Donoghoe Mark W, Gebski Val
University of Sydney, NHMRC Clinical Trials Centre, Sydney, 2006, NSW, Australia.
BMC Med Res Methodol. 2017 Apr 4;17(1):52. doi: 10.1186/s12874-017-0327-3.
The analysis of time-to-event data can be complicated by competing risks, which are events that alter the probability of, or completely preclude the occurrence of an event of interest. This is distinct from censoring, which merely prevents us from observing the time at which the event of interest occurs. However, the censoring distribution plays a vital role in the proportional subdistribution hazards model, a commonly used method for regression analysis of time-to-event data in the presence of competing risks.
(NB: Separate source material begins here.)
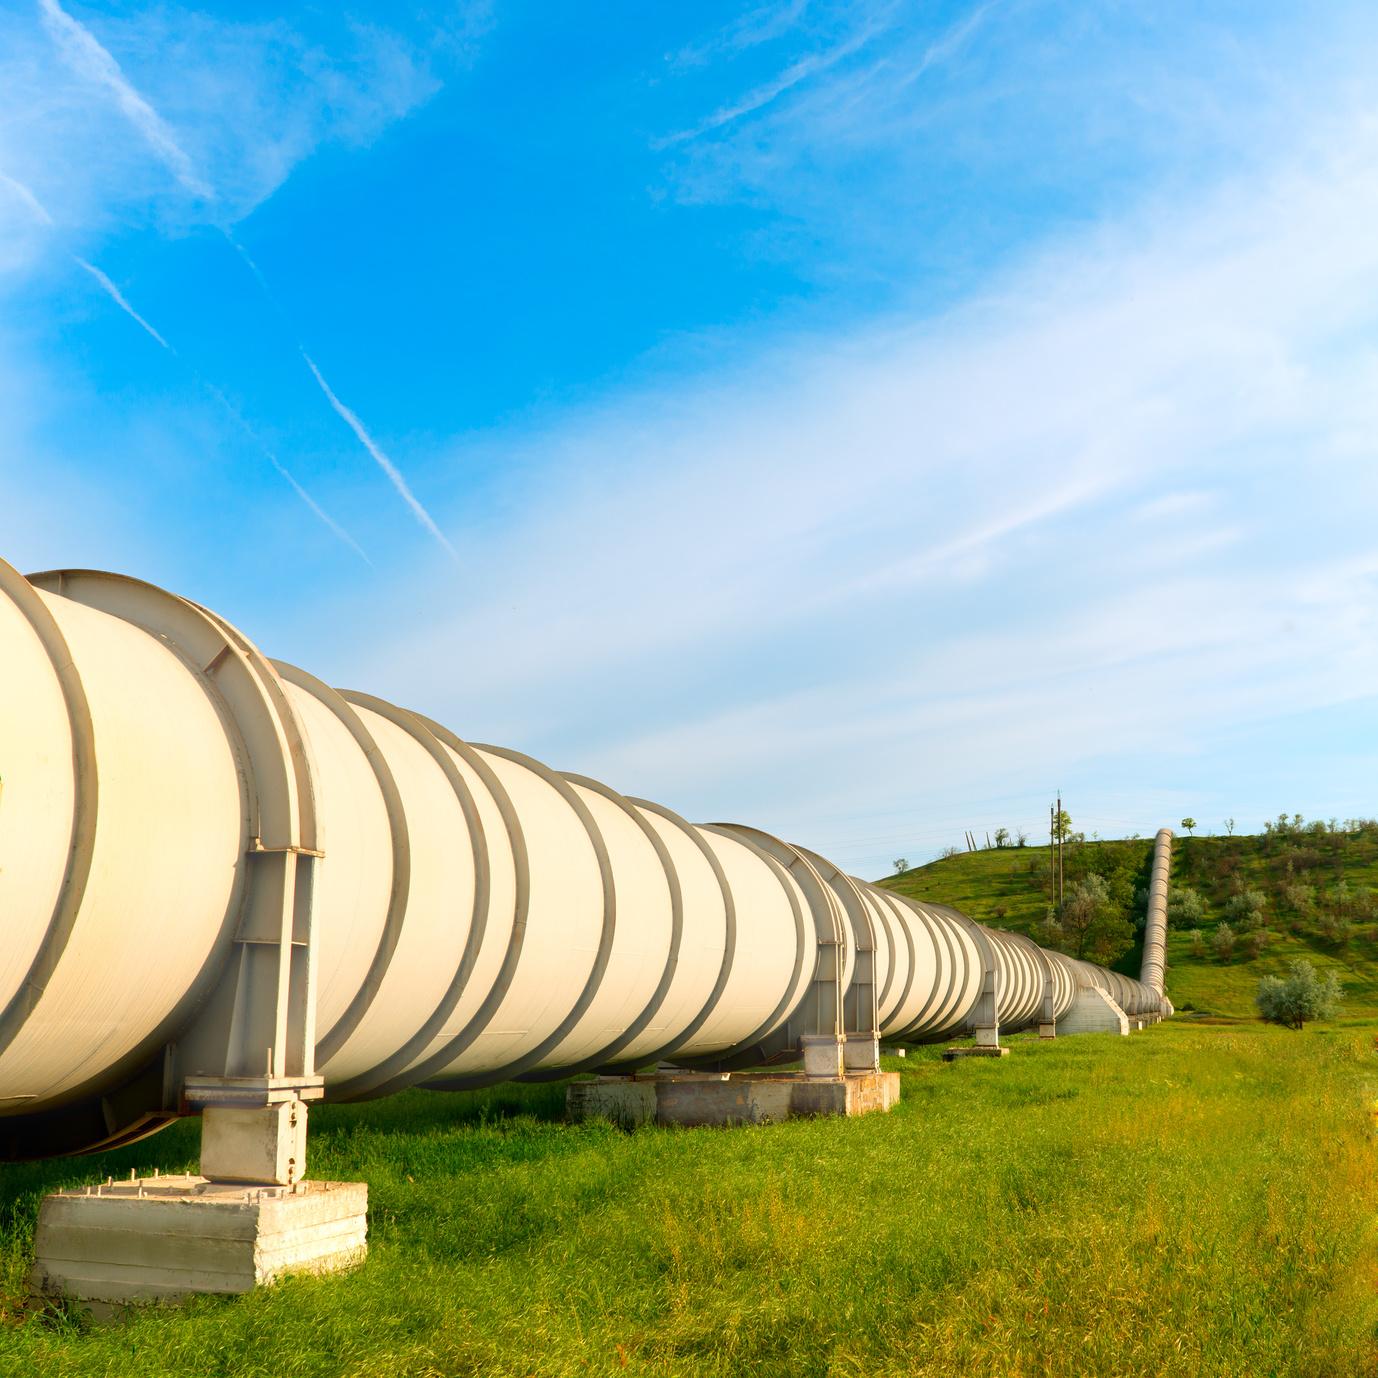 Fotolia_52775842_High Pressure Pipeline_M

We present the equations that underlie the proportional subdistribution hazards model to highlight the way in which the censoring distribution is included in its estimation via risk set weights. By simulating competing risk data under a proportional subdistribution hazards model with different patterns of censoring, we examine the properties of the estimates from such a model when the censoring distribution is misspecified. We use an example from stem cell transplantation in multiple myeloma to illustrate the issue in real data.
Models that correctly specified the censoring distribution performed better than those that did not, giving lower bias and variance in the estimate of the subdistribution hazard ratio. In particular, when the covariate of interest does not affect the censoring distribution but is used in calculating risk set weights, estimates from the model based on these weights may not reflect the correct likelihood structure and therefore may have suboptimal performance.
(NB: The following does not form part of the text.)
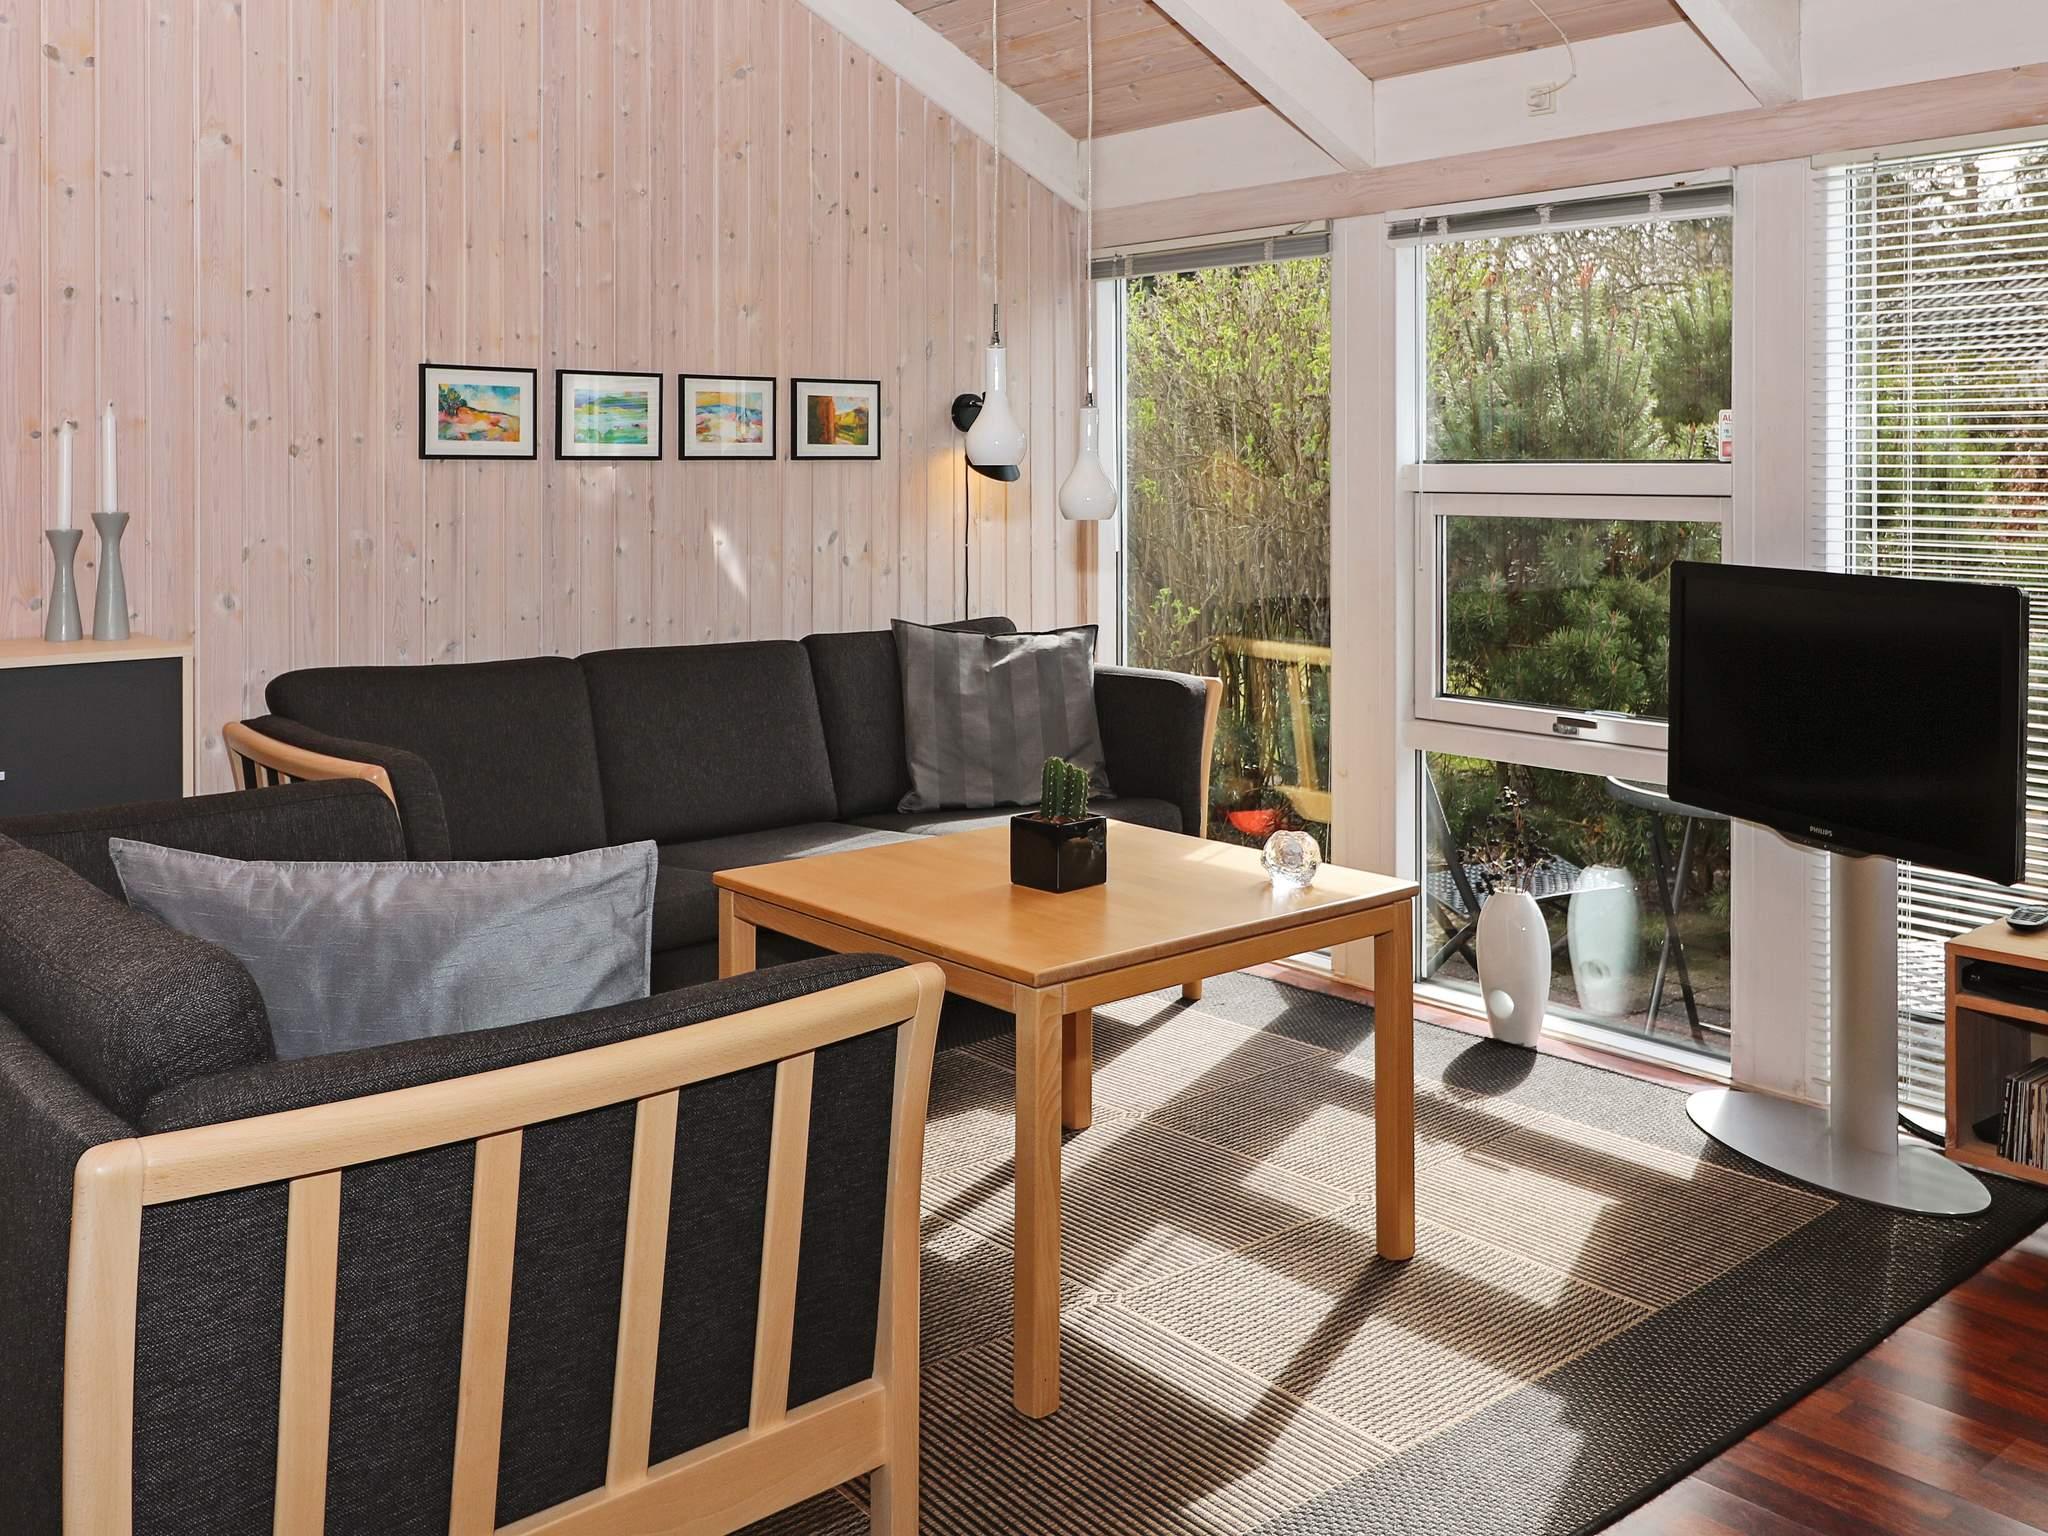 Ferienhaus Øster Hurup (83254), Øster Hurup, , Dänische Ostsee, Dänemark, Bild 3

The estimation of the censoring distribution can affect the accuracy and conclusions of a competing risks analysis, so it is important that this issue is considered carefully when analysing time-to-event data in the presence of competing risks.
事件发生时间数据的分析可能会因竞争风险而变得复杂,竞争风险是指那些改变感兴趣事件发生概率或完全排除其发生可能性的事件。这与删失不同,删失仅仅使我们无法观察到感兴趣事件发生的时间。然而,删失分布在比例子分布风险模型中起着至关重要的作用,该模型是在存在竞争风险的情况下对事件发生时间数据进行回归分析的常用方法。
我们给出了比例子分布风险模型所基于的方程,以突出通过风险集权重将删失分布纳入其估计的方式。通过在具有不同删失模式的比例子分布风险模型下模拟竞争风险数据,我们研究了删失分布指定错误时该模型估计量的性质。我们用多发性骨髓瘤干细胞移植的一个例子来说明实际数据中的这个问题。
正确指定删失分布的模型比未正确指定的模型表现更好,在子分布风险比的估计中偏差和方差更低。特别是,当感兴趣的协变量不影响删失分布但用于计算风险集权重时,基于这些权重的模型估计可能无法反映正确的似然结构,因此可能具有次优性能。
删失分布的估计会影响竞争风险分析的准确性和结论,所以在存在竞争风险的情况下分析事件发生时间数据时,仔细考虑这个问题很重要。